GOAL OF THE EXERCISE:
Beginning with the line of the entries below that holds "#PinkyCry y #PinkyRychChriz" and ending with the line that holds "Politie shirt", transcribe each line exactly as written. Pictures stay out.

PROVIDED DATA:

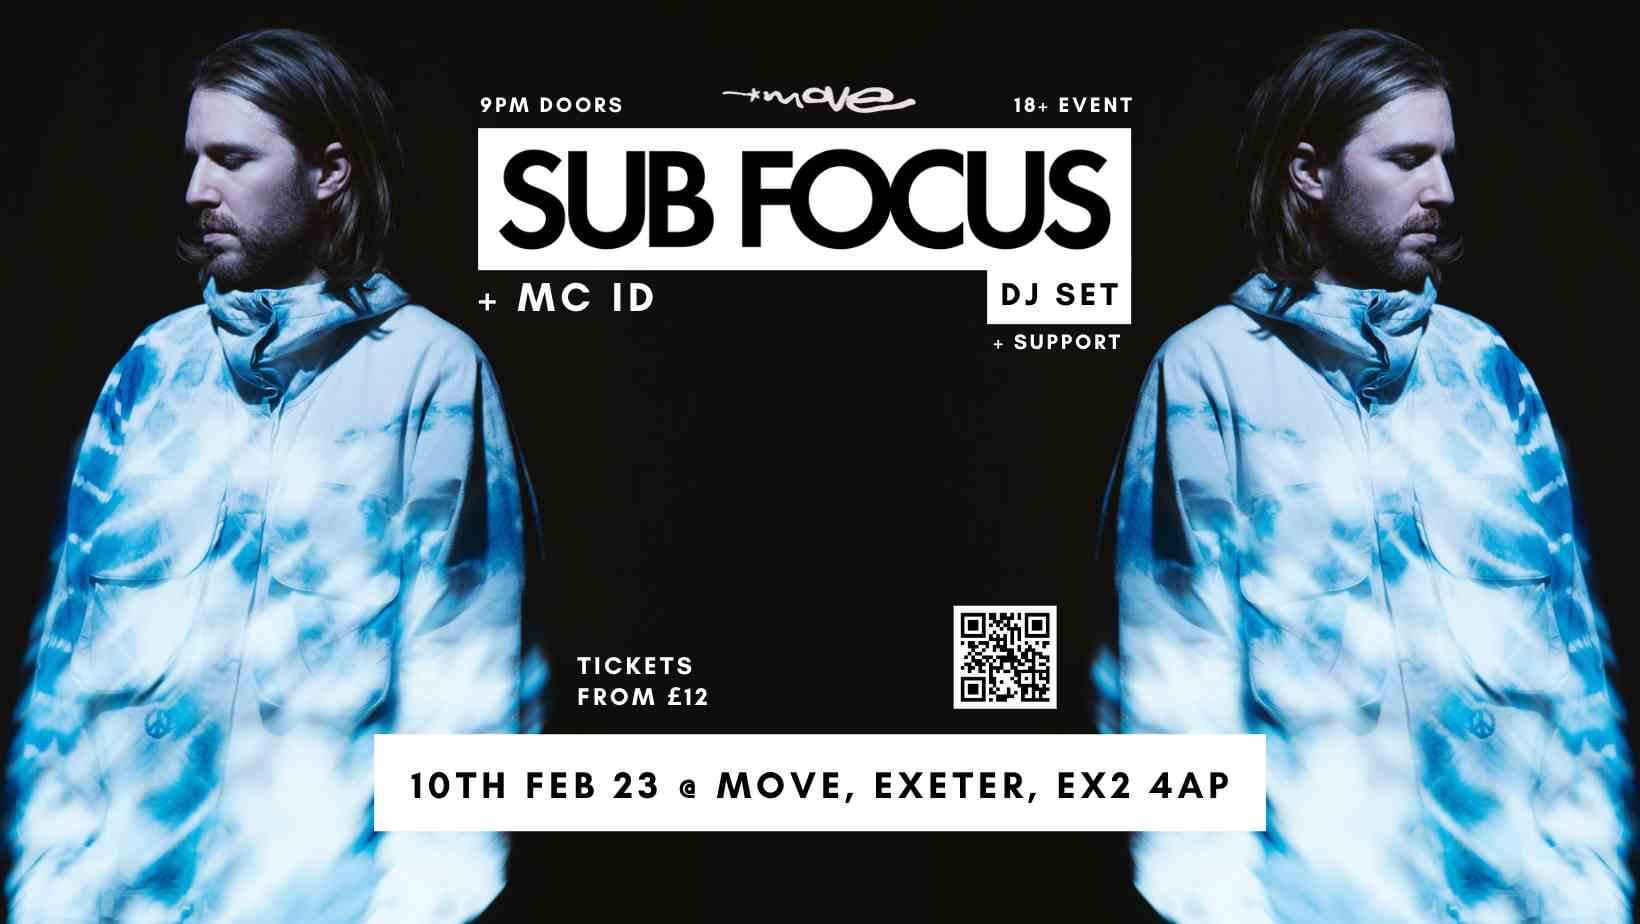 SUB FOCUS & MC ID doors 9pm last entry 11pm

==

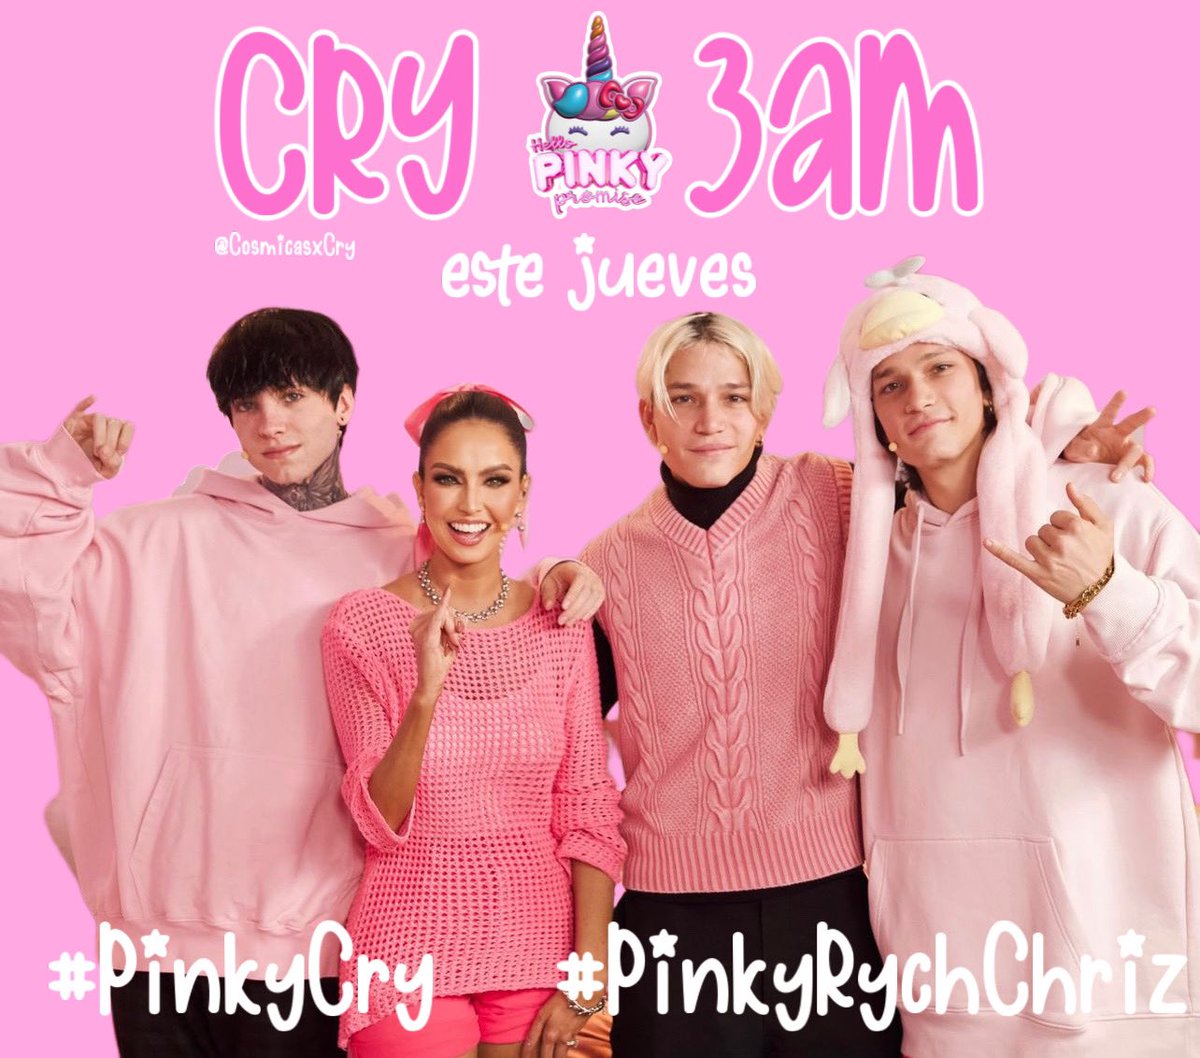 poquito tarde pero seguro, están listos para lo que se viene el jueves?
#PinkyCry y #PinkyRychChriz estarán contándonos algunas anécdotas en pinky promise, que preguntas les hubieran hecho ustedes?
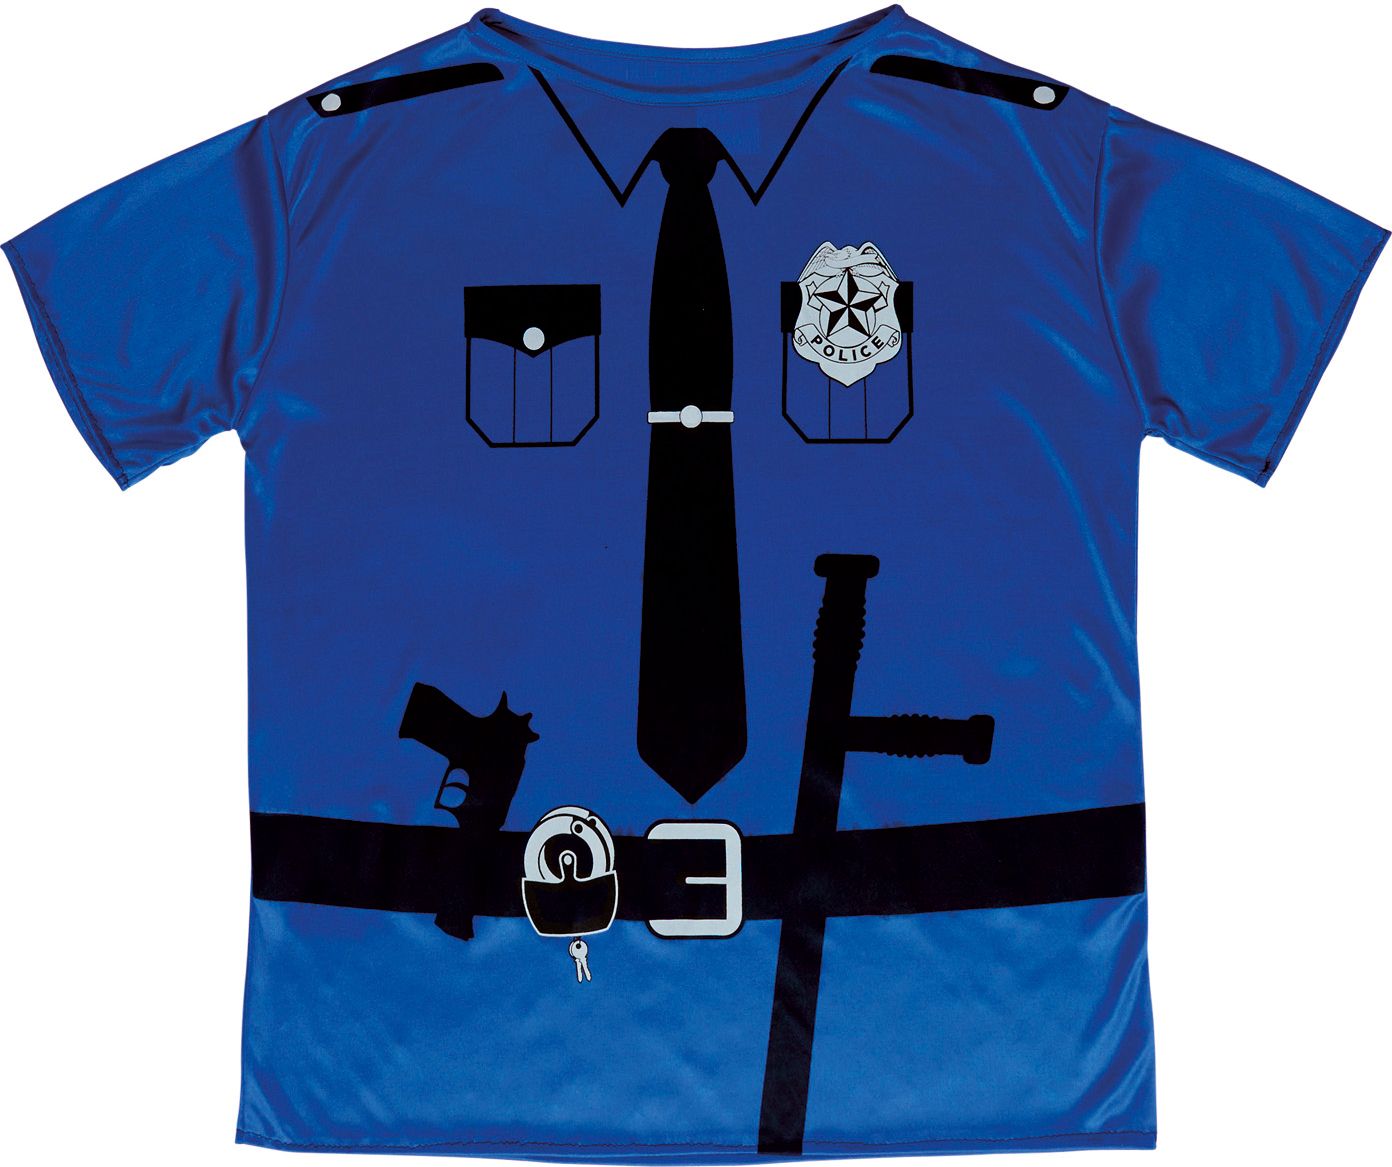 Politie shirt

==

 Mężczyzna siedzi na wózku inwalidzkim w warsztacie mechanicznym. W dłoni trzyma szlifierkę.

SOLUTION FOR THIS TASK:
#PinkyCry y #PinkyRychChriz estarán contándonos algunas anécdotas en pinky promise, que preguntas les hubieran hecho ustedes?
 Politie shirt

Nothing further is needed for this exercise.